With everything going on, I had to bump my last Atlantic writing project until late August. It’s too hard to get interviews over the summer with higher ed people anyway. With one less obligation, I’m feeling more like myself. The crazy levels have been ratcheted down a notch. In the unlikely scenario that I get bored in the next few weeks, I can go back to it.
So, now I’m honing on the kids. Ian needs a special ed program for next year. I have to drive him to two final schools for visits in the next few days. And I’m making a plan for the summer school tours for Jonah.
It’s probably not ideal to look at colleges over the summer. There won’t be many kids on campus. Schools use the summer to do construction projects, so there will be more workers than students on campus. But summer is the only time that we’ll have, because every weekend in the fall will be filled with cross country races. Missing school during the week isn’t an option. So, summer it is.
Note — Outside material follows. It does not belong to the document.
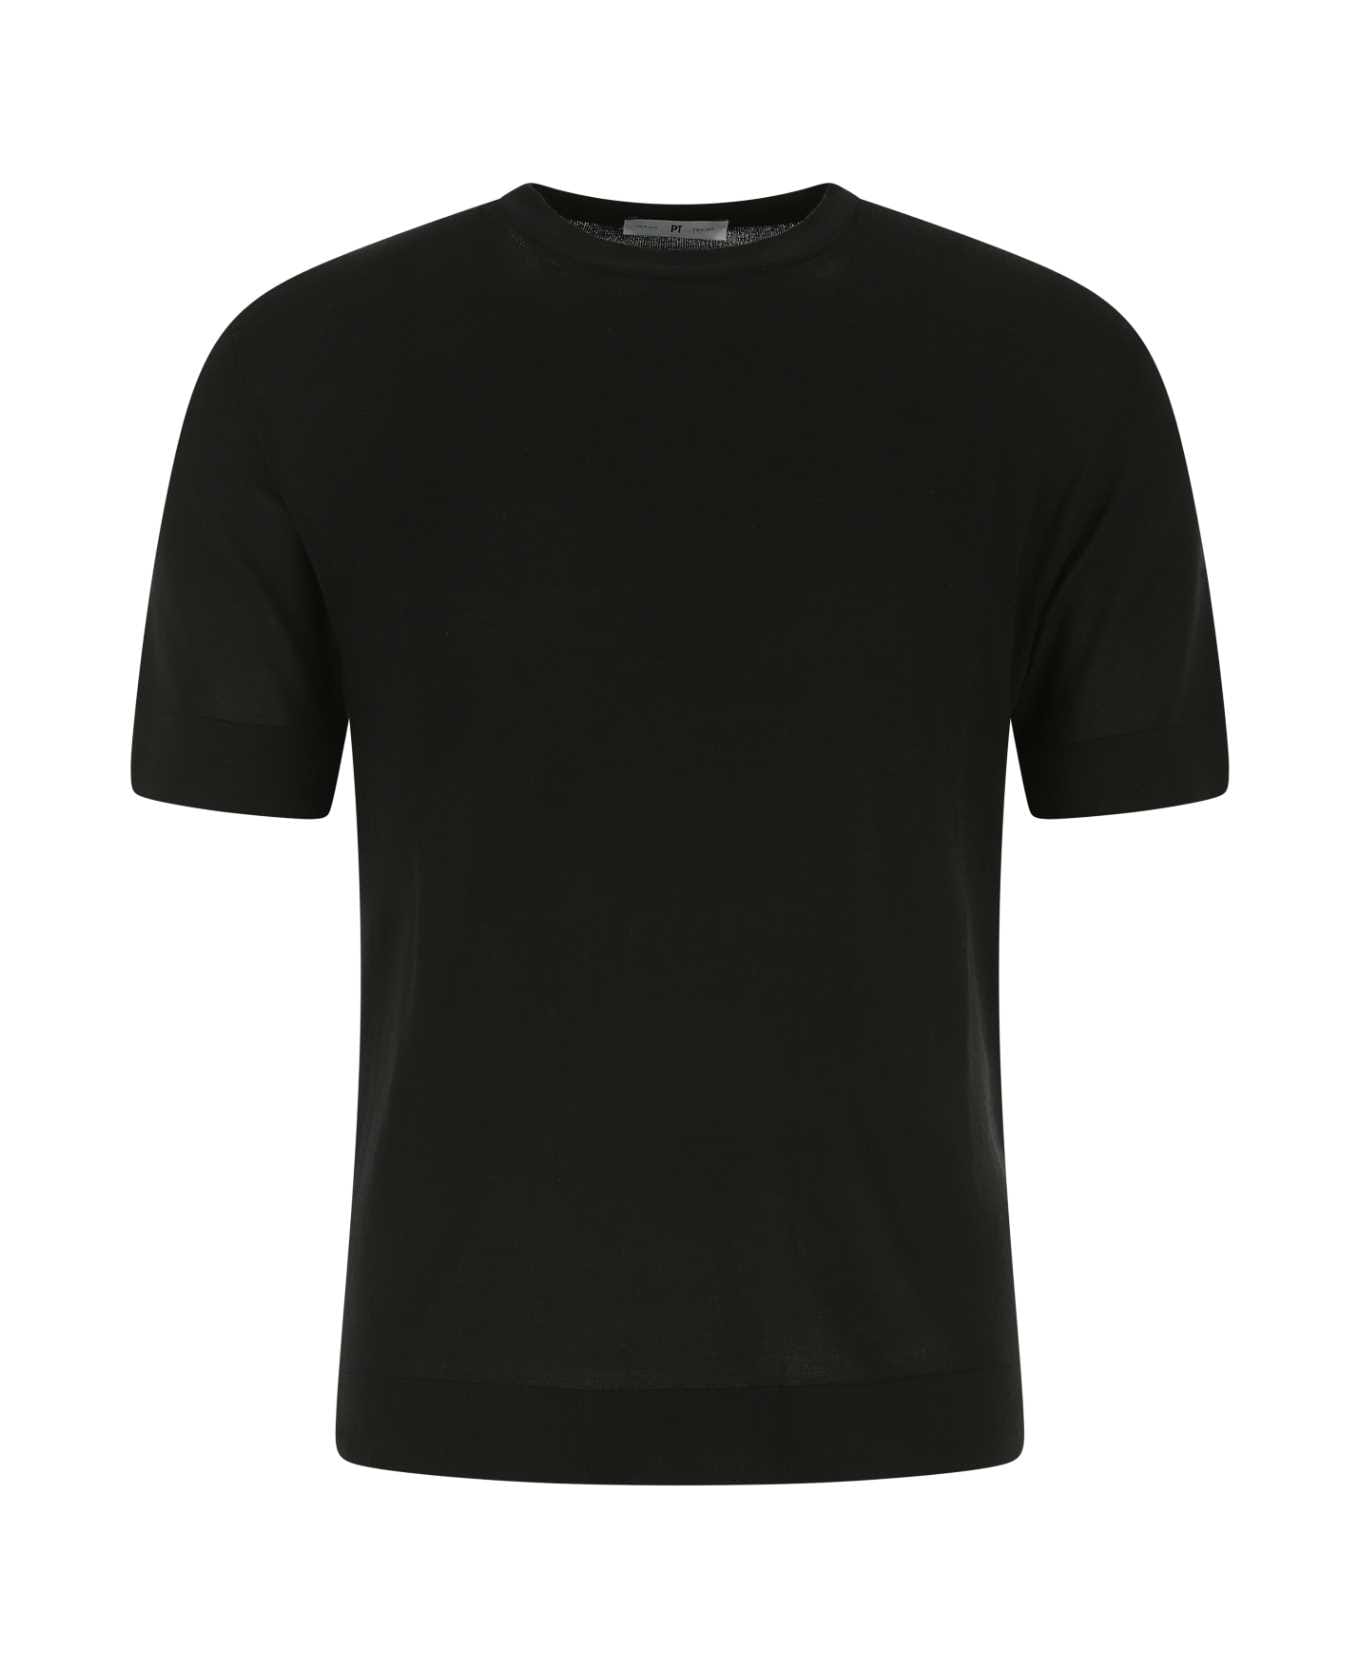 PT Torino Black Cotton Blend T-shirt - 0990
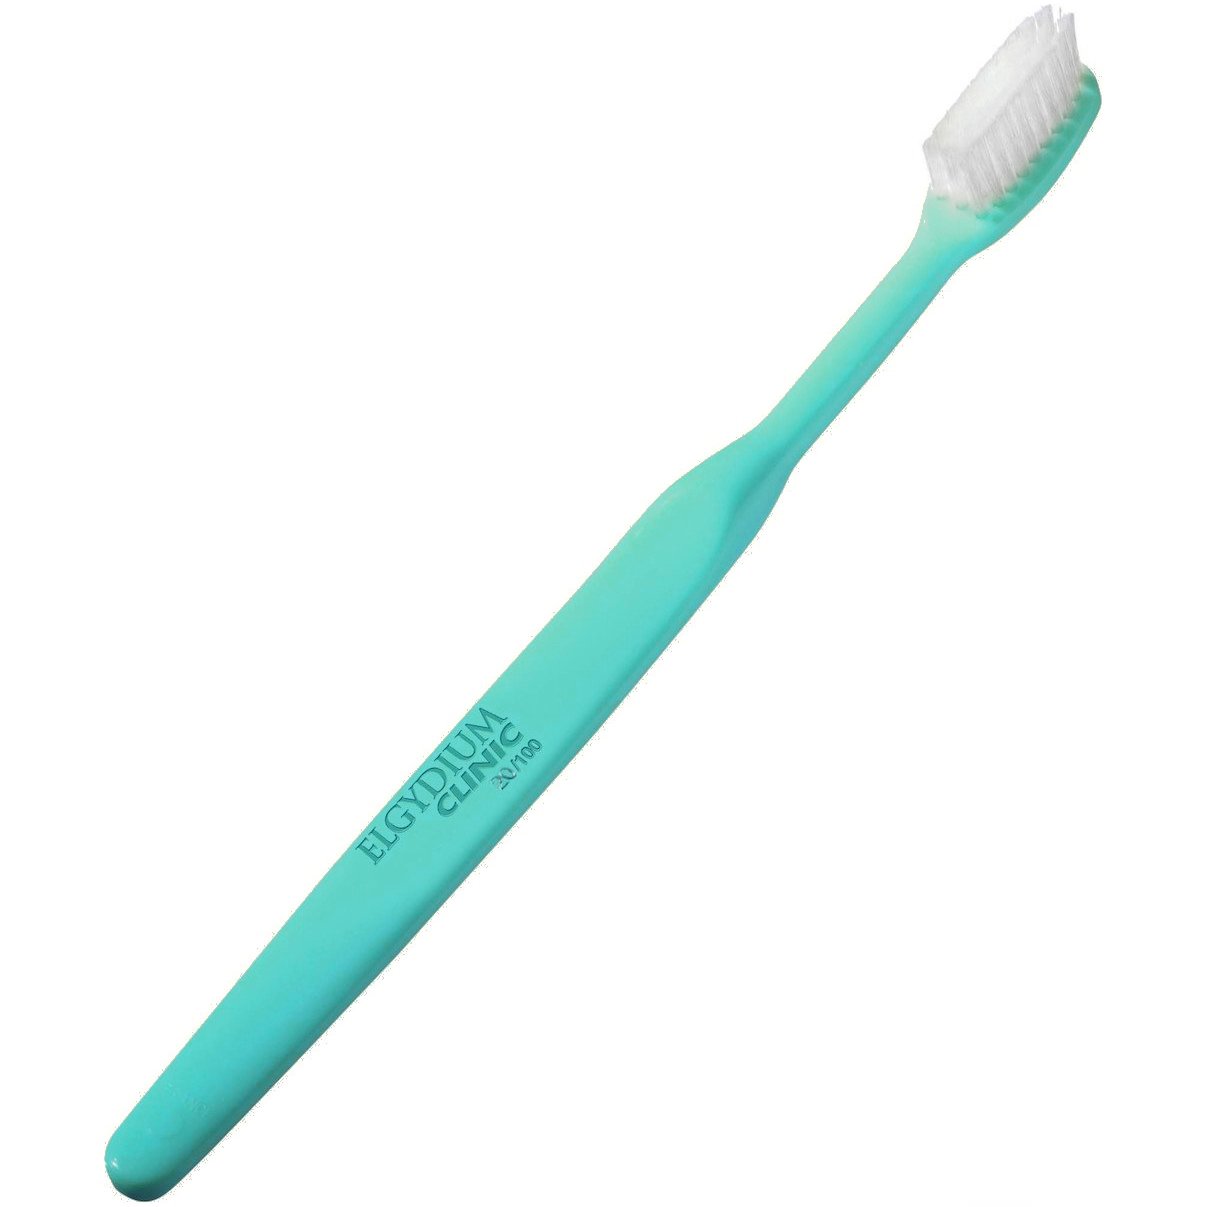 Elgydium Clinic Toothbrush 20/100 Soft Μαλακή Οδοντόβουρτσα Ειδικά Σχεδιασμένη για Μετεγχειρητική Φροντίδα, Περιοδοντίτιδα & για Ευαίσθητα Ούλα 1 Τεμάχιο – Τιρκουάζ

My parents never took us on college tours. In fact, my parents did almost nothing to help us with picking colleges or applied to colleges. I don’t think anyone even proofread my essay. They were first generation types. People who stumbled into college with brains and good luck. They lived at home, applied to one school, and worked their way through college.
My dad was the youngest of four kids raised on the South Side of Chicago. His father passed away two months before he was born. His mom raised four kids and supported her parents with a job in the girdle department at Marshall Fields. During the depression, my grandfather was paid by the steel mills in stocks rather than a salary. My grandmother lived off of that stock money for years after he died. My dads’ brothers didn’t even finish high school.
My dad was a mediocre student in high school. Lots of C’s. He started off semi-abused by nuns in Catholic schools who bluntly told him that he would “never amount to much” and finished off at the South Side High School. He went to University of Illinois at Navy Pier for two years, where some excellent professors suddenly turned him onto education. He transferred to University of Chicago; he still remembers fondly the Cobb Hall Coffee Shop. Then Amherst for a masters and Fordham for the PhD. I think there was a brief stop at University of Nebraska, too, but I can’t remember where that fits in.
My mom was raised in worse circumstances. Her dad was alive, but he was a mean drunk filled with bitterness over having to bow and scrape before rich people at the Waldorf Astoria. With her sixth grade education and my grandfather’s insanity, my grandmother was not equipped to take care of her kids. When they moved to the Bronx in the 1950s, my mom at fifteen found the best Catholic schools, took the admissions tests, got her sister through that process, and got scholarships. Later, when it was time to go to college, my grandfather fought her. He said that girls who went to college were prostitutes. He made her pay for the whole thing, her sister’s education, and rent to my grandfather with three jobs. She was pregnant with me when she finished at Hunter College.
So, handholding me through the college process didn’t occur to them. As a second generation college student, I knew that I had to go to college and I knew that they would pay for it, as much as they could. My mom signed me up for an SAT class. But I was the one who scoured Baron’s Guide to College and devoured the Lisa Bernbach book on colleges. I had something that they didn’t have. I had choices. I mean not a lot of choices. Kenyon, my first choice, didn’t give us enough financial aid, so I had to go to SUNY Binghamton. Still, my parents gave me the jet fuel to get to college and the feeling that I had options.
Jonah is third generation. He has the jet fuel, and he has a parent who knows how the system works. I’m doing all the picking and the reserving spots on the college tours. He is simply too busy with classes and running.
Maybe I’m doing too much. I think about that a lot. But then again, I know so much more about the system. College is simply too expensive to allow him to make a mistake.
Private colleges aren’t really an option. Without perfect SAT scores, he won’t qualify for a full merit scholarship. We don’t qualify for financial aid. All our savings have gone into retirement accounts to make up for the years of zero contributions during graduate school. So, state colleges it is.